Table 1 Summary statistics of writing style-related features underlying online reviews

The average number of sentences and the corresponding standard deviation for genuine reviews is significantly more than that of fake reviews, which suggests honest reviews are generally lengthier than non-genuine ones. The significantly lower standard deviation in fake reviews indicates a possible standard reply style with little to no variation. What logically follows is that the average word count for genuine reviews is significantly higher than that of fake reviews. Moreover, if we investigate the ratio of words to stop words, we find the average for genuine reviews to be 1.22. The exact ratio for fake reviews stands at 0.96. This process is an important revelation. Word count is the count of meaningful words in a sentence, also known as content words, which have inherent meaning and exist independently of the sentence (nouns and adjectives). On the other hand, stop words (also known as function words) do not convey any semantic meaning when used in a sentence (articles and verbs). The ratio thus, tells us about the “meaningfulness” of a review.

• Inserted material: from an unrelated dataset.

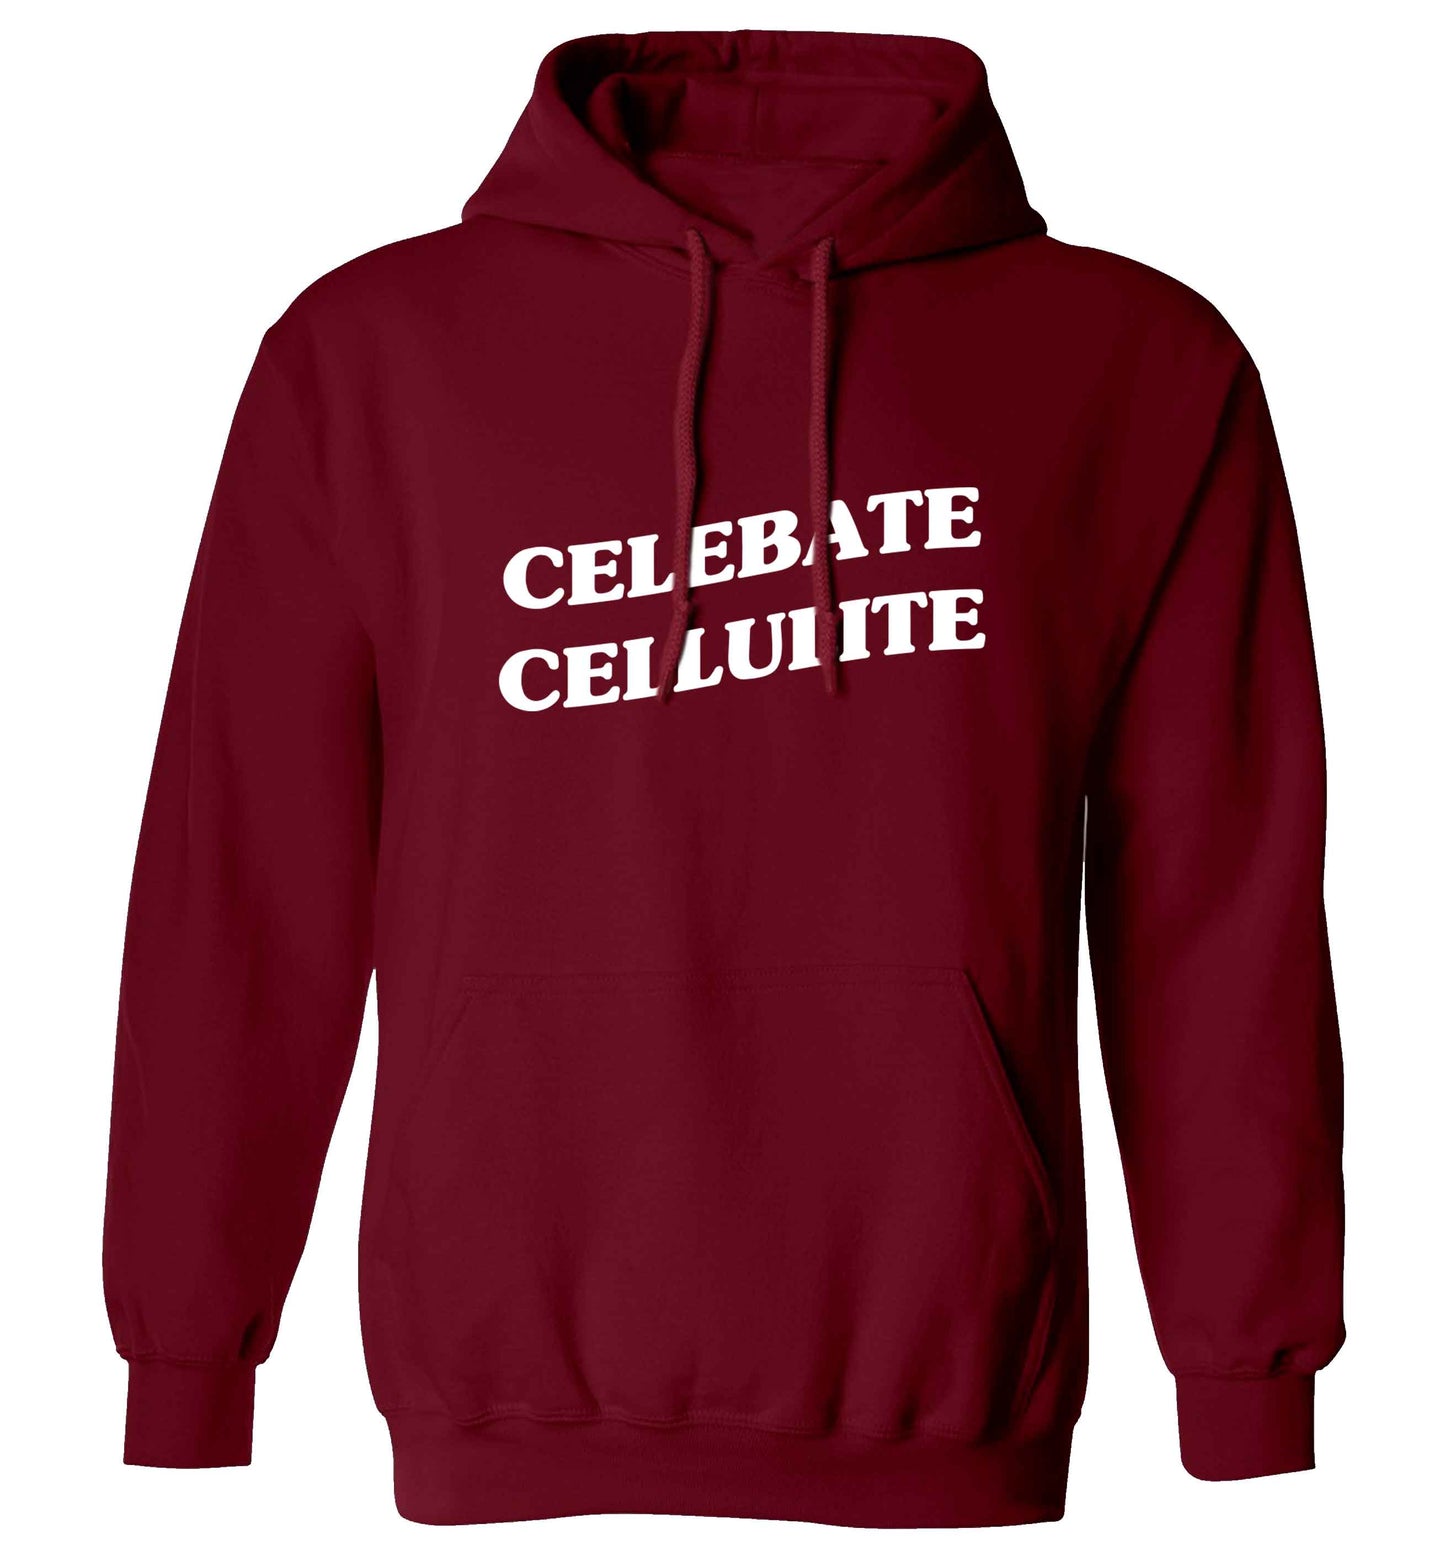 Celebrate cellulite adults unisex maroon hoodie 2XL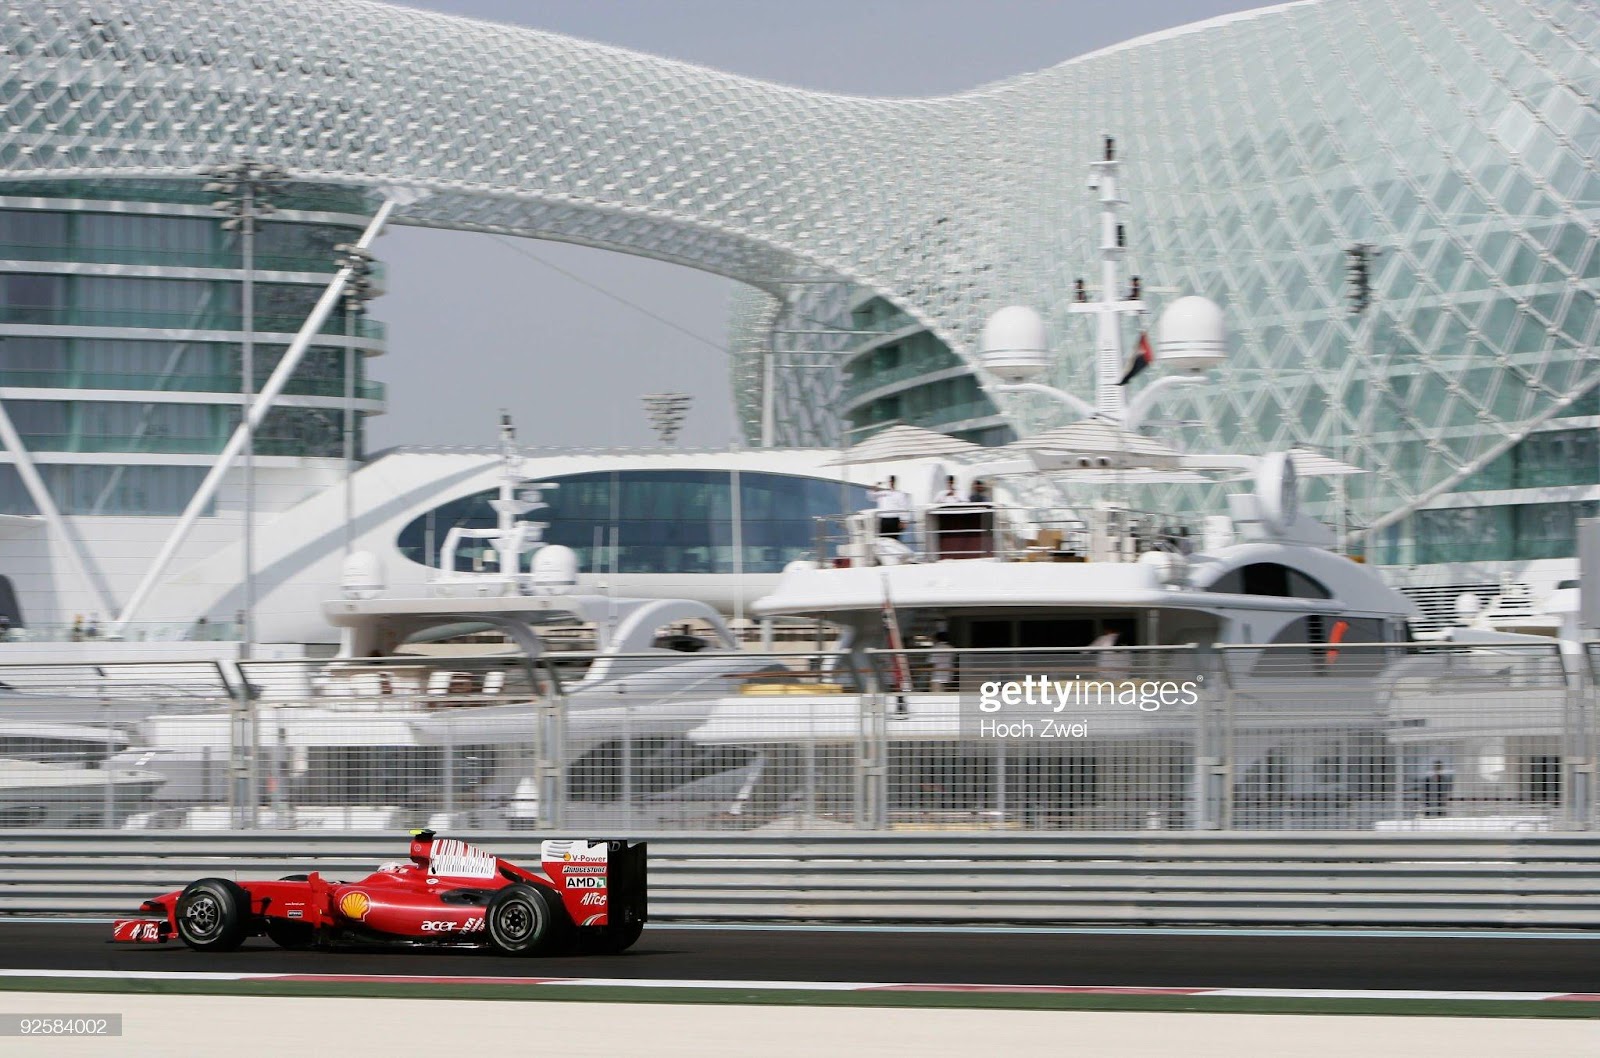 Kimi Raikkonen, Ferrari, drives during qualifying for the Abu Dhabi F1 Grand Prix at the Yas Marina Circuit on October 31, 2009 in Abu Dhabi, United Arab Emirates.

Intuitively, a higher proportion of content words is associated with more informative reviews. We find genuine reviews have a higher meaningfulness scorethan fake reviews, this holds high importance in cases where fake reviews may be verbose but in reality, are less informative than genuine reviews. It can be observed that for each of the feature types in Table 1, the difference between genuine and fake reviews is statistically significant with 95% confidence.

3.2 Inferential Results

This section discusses in detail the results obtained from the statistical investigation. Authorial style is a reflective construct comprising linguistic features, sentiments, and emotional valence as unique dimensions. For each product category, we find that authorial style has a significant relation with its sub-constructs for fake and genuine reviews, except for baby products. We further observe that product characteristics mediate the relationship between authorial style and buying recommendation for real reviews. Product characteristics is a formative construct consisting of latent dimensions identified through STM on the customer reviews. The detailed items under each of the broad constructs of authorial style, linguistic features, sentiments, emotional valence, and product characteristics are summarized in Table A1 of Supplementary material. Interested readers are also referred to Figs. 1, 2, 3, and 4 of Supplementary material, showing the unique and exclusive set of keywords in fake reviews which were obtained from STM analysis and further used to identify the latent product characteristics. To have a more generalized conclusion, we compare the results corresponding to both genuine and fake reviews. We observe significant relationships for the five most relevant product categories, viz., baby products, beauty and health products, fashion products, office products, and sports products. We now deep-dive into the PLS-SEM results for these five product categories. We start with the “beauty & health” products category.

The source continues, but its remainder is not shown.